Moreover, what middle England owns are their homes. If you strip out the value of the house that you have to live in, then the wealthiest 5% of Britons own 58% of financial wealth. That compares with 49% when Labour came to office. So under Labour, the rich have got richer. The bottom 50% of the population own only 1% of all financial wealth compared with 6% when Labour came in! So the poor have got even poorer!

As my study of the profit cycle in the US shows, since 1982, the profitability of US capitalism has risen significantly. That was partly achieved by squeezing the wages and employment of the mass of American workers, while making them work even harder. Thus the rate of surplus value appropriated from the workforce rose while investment in new equipment was kept to a minimum. The profit rate rose.

And yet throughout the last 25 years, the average American household is no better off than they were at the beginning of the 1980s. Meanwhile the rich have become super rich. Those who are dedicated to football prepare for the World Cup and will soon turn on their television screens to watch football matches played by millionaires and commentated on by millionaires interviewing other millionaires.

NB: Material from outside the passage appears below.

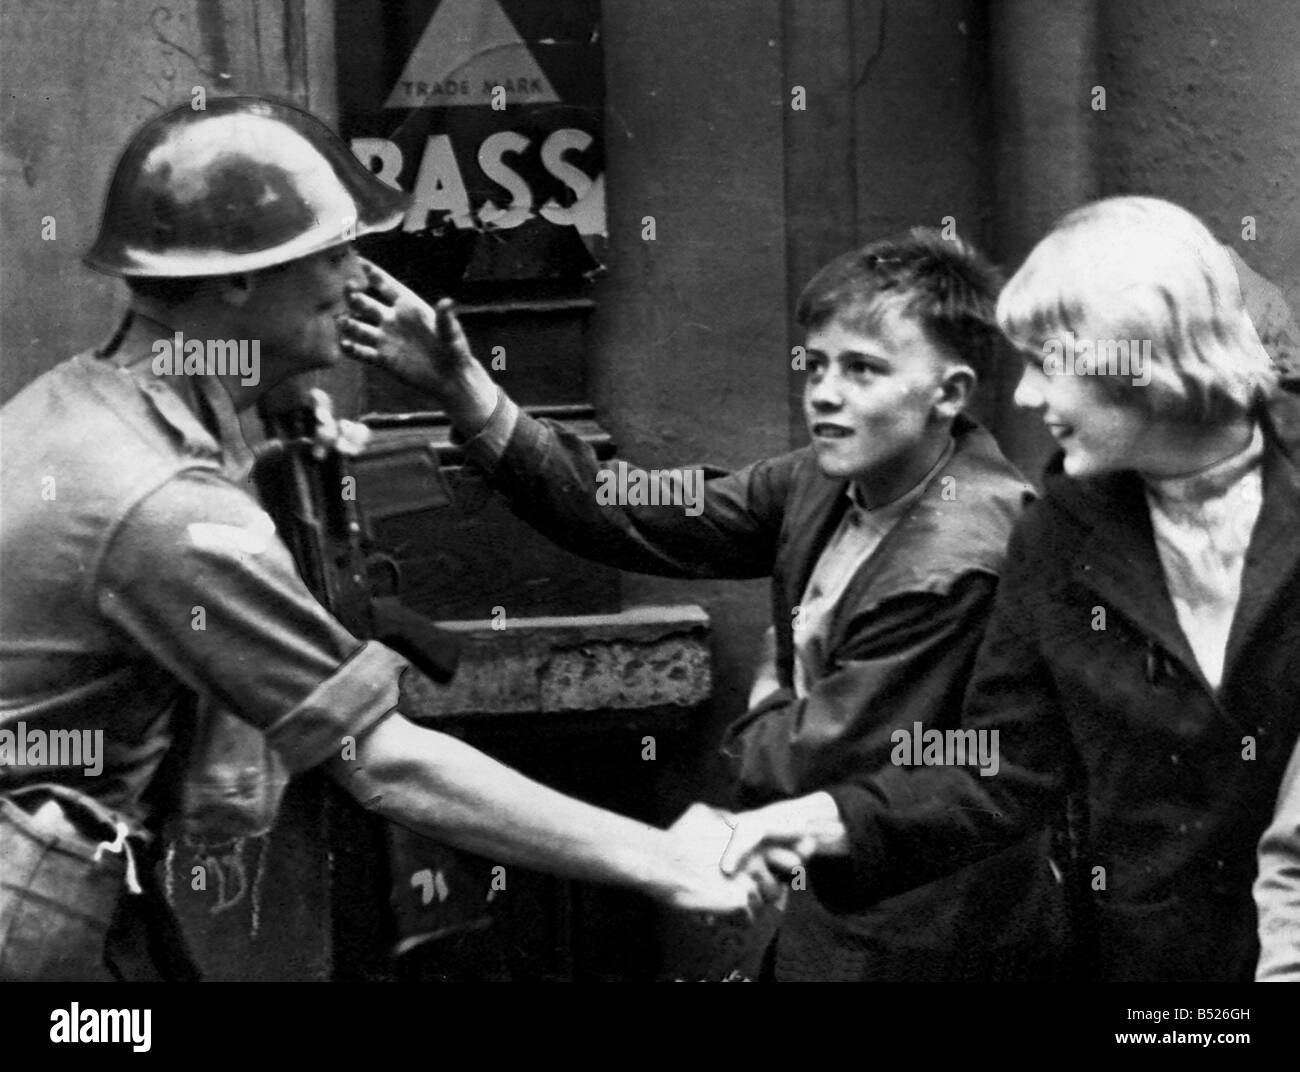 British soldier in Northern Ireland 1969 - Stock Image

These celebrities may be visible and rich, but they are still pygmies compared to the hidden rich who don’t appear on TV singing songs, doing soaps, making movies or kicking footballs. The super, super rich remain in the boardrooms of the big multinationals and glide past quietly out of sight in their private jets, yachts and limousines.

What these recent studies show is that the chances of joining them are basically zero for nearly all of us. So if you can’t join them, then let’s beat ‘em, or the system that keeps them!